I don’t think a place counts as an idea in Carolyn Krieg’s work. But if there’s some unifying meta-theme in these India, Europe and Montana based photo-arts, I didn’t see it. Krieg seems to be in between things, in the place-concept grid, or maybe outside it altogether. Except for the bits of Sanskrit and the Hindu images, it would be very hard to place any of these works at all.

The exhibit notes say, “[Krieg’s] process mirrors the exploratory concerns of her travels,” but these concerns are not apparent in the works, which involve taking a photograph, scanning the image into Photoshop, manipulating it within the program, and printing it out on Polaroid.
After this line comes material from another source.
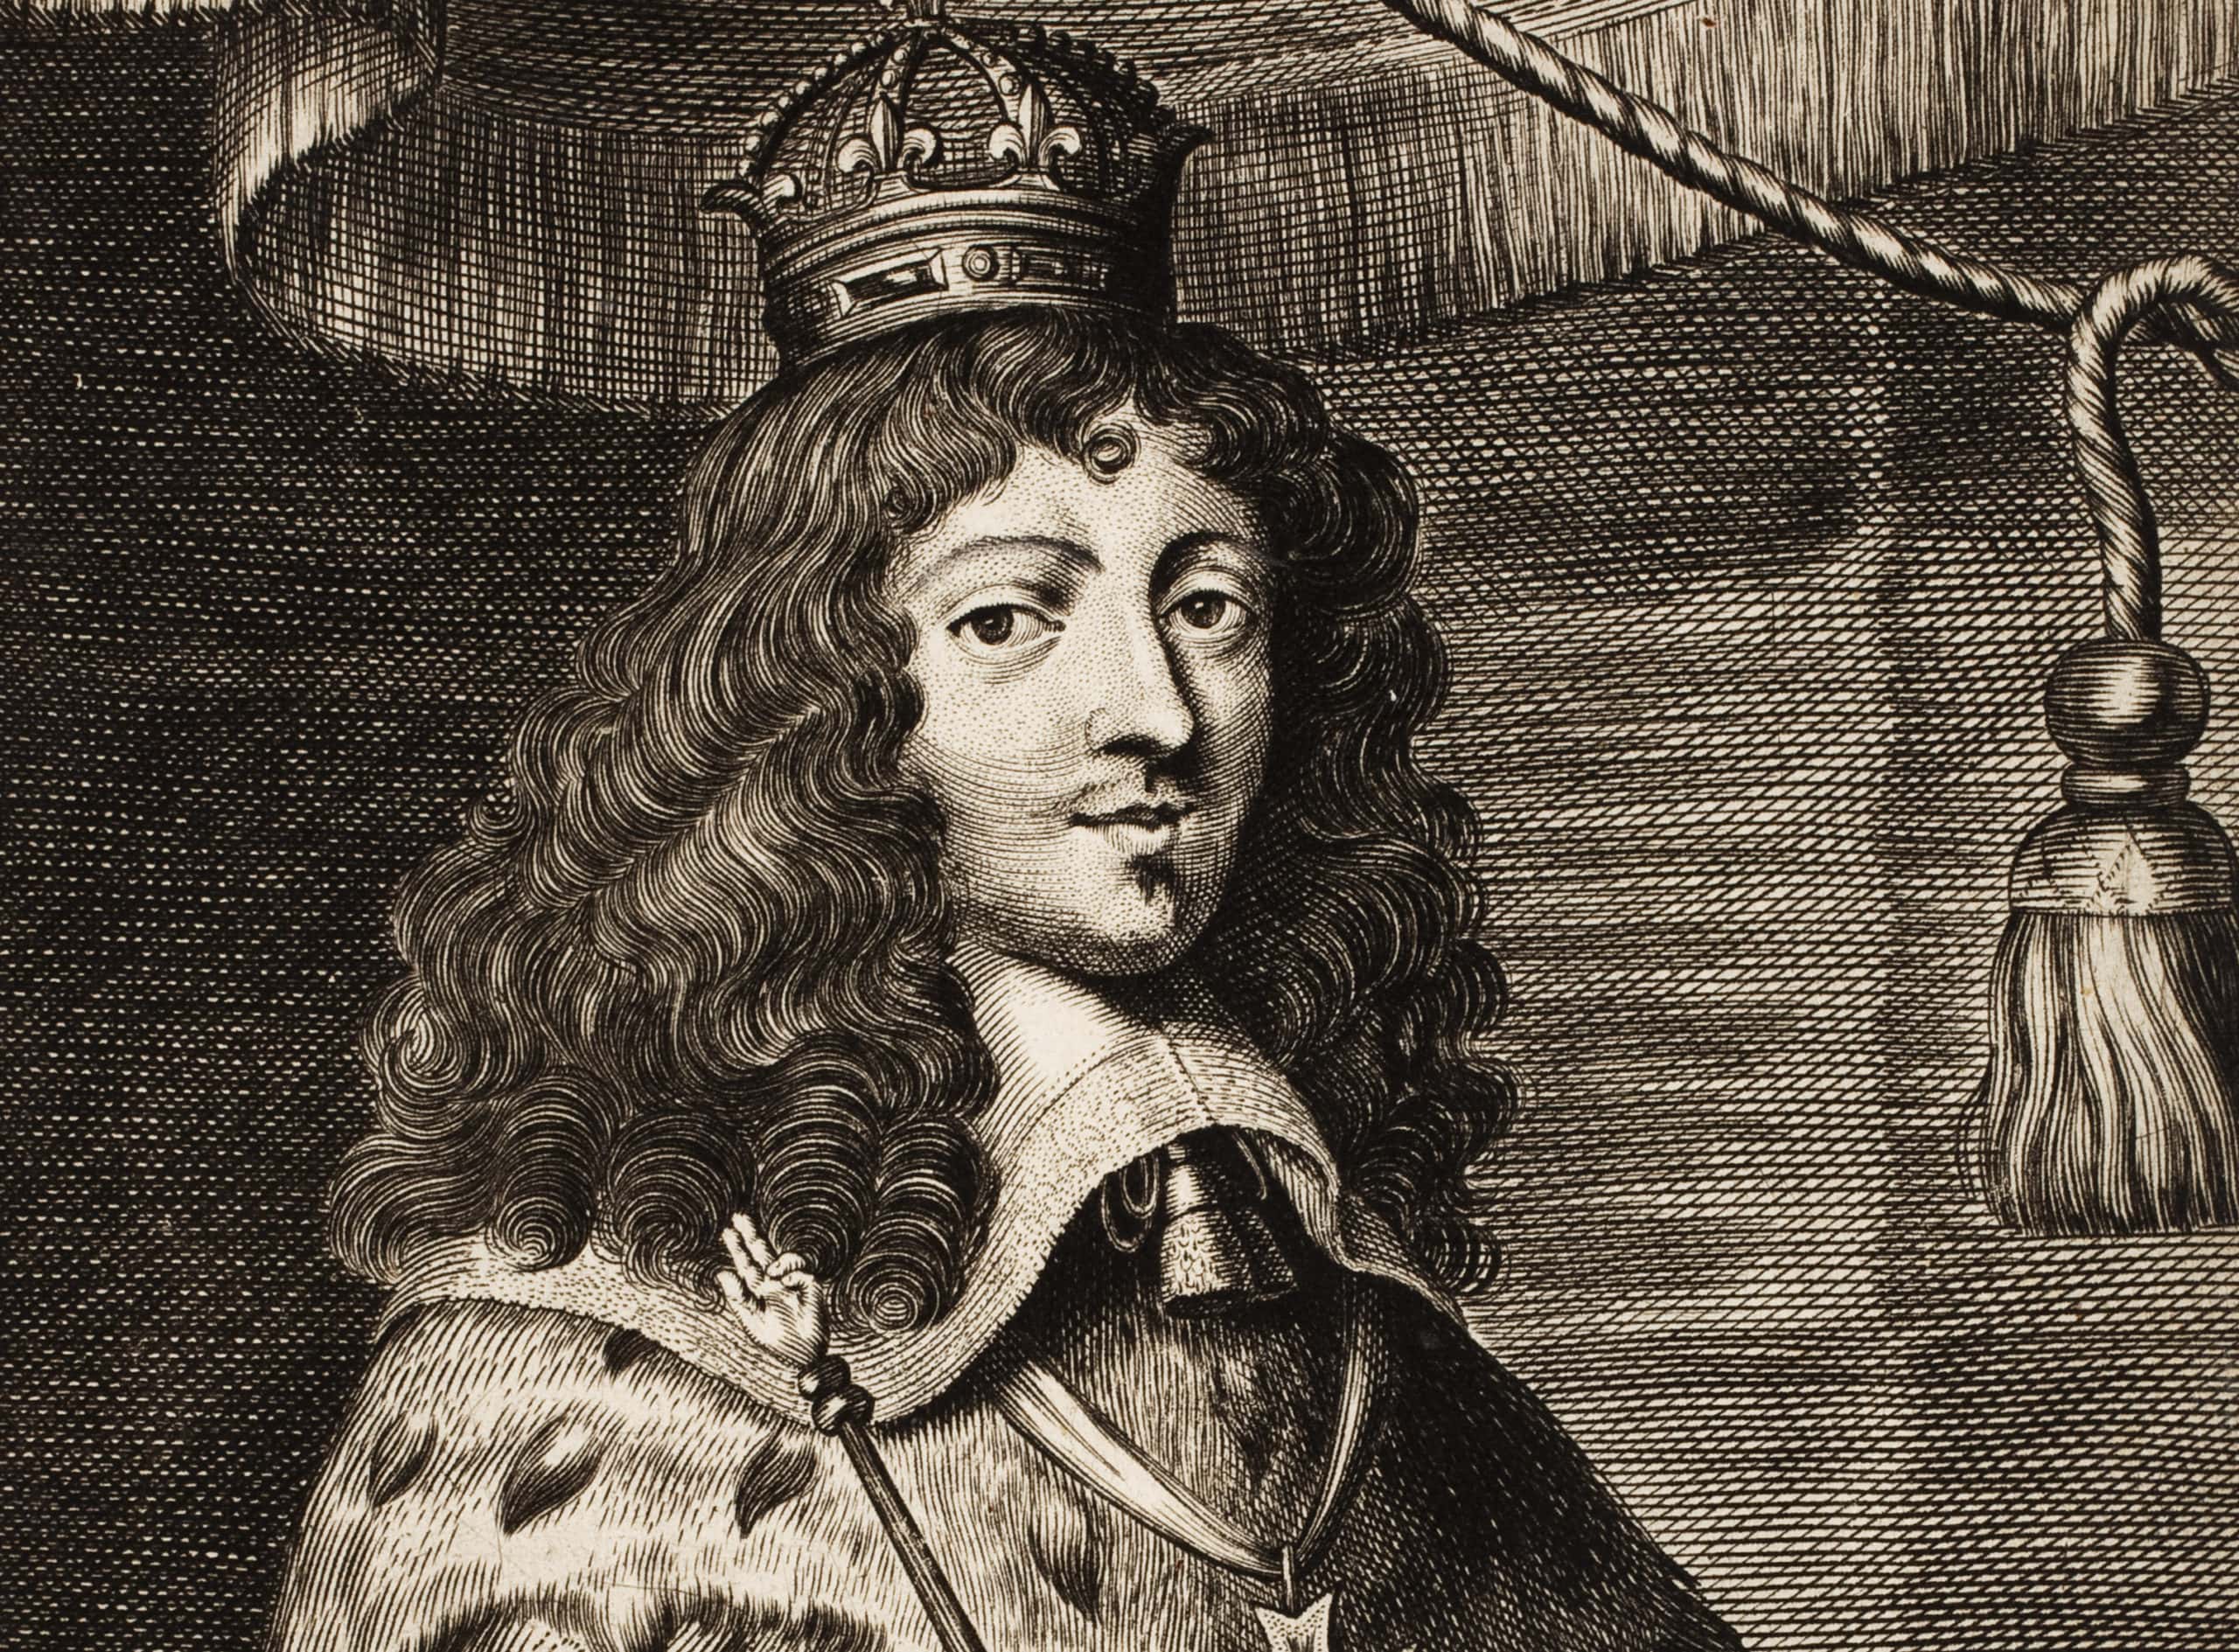 The Morning Star: Philippe I Duc d'Orléans Reconsidered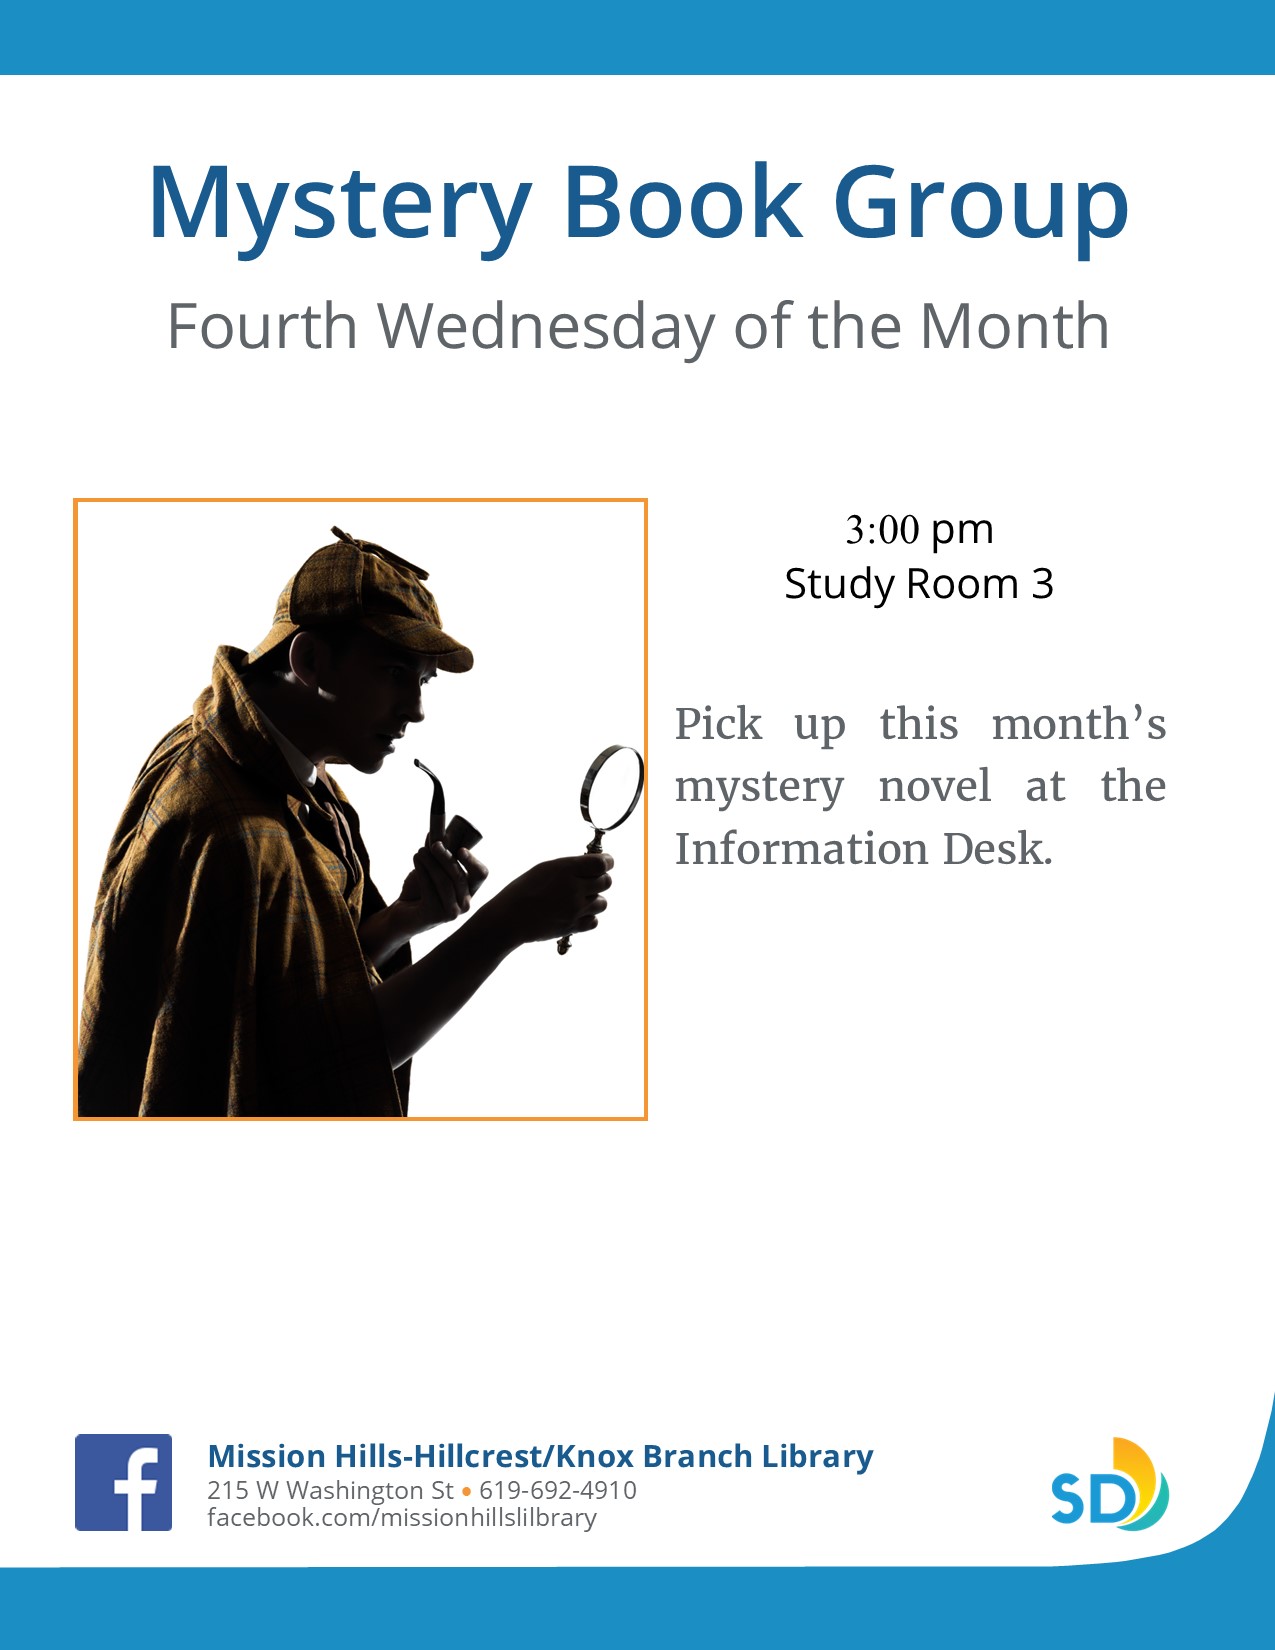 Book club flyer with Sherlock Holmes image

I couldn’t have recognized that process; I read about it in the notes. As I read, I thought, “Ah, yes, the Photoshops of our brains,” but then I couldn’t seem to go anywhere with that. It did occur to me that travel narratives of any kind are akin to Krieg’s next step, in which “she ... takes the layers apart, applies ink and oils, and ends up with a positive image.” Travel stories seem to evolve something like that, whether idea-laden or not.

“The photographs,” the text concludes, “are metaphors for a journey and are a mere memory of a trial and error experience.” I didn’t quite get that last part and wouldn’t want to trivialize it by having it serve as a description of my last foreign adventure. So I’ll just conclude, myself, by saying that Carolyn Krieg can go ahead and do whatever she wants: The result—these photoworks, misty and obscured—are sometimes beautiful.

Note to Reader: A name is not a person, as you’ll discover if you try to find “Carolyn Krieg” on the Internet and stumble into another Carolyn Krieg’s website, designed in preparation for the Minnesota Family Reunion. You’ll read that this Krieg likes Italian food, finds children annoying, and her favorite song is “Can’t Fight This Feeling,” by REO Speedwagon.
This all might also be true of the artist Krieg, who attended the University of Washington and the American College in Paris, is represented by the Greg Kucera Gallery in Seattle, and lives in Bothell. But it isn’t, or at least these facts don’t belong, Web-wise, to that person.

Note to Self: Try to link this observation to a final statement about the accidents of travel.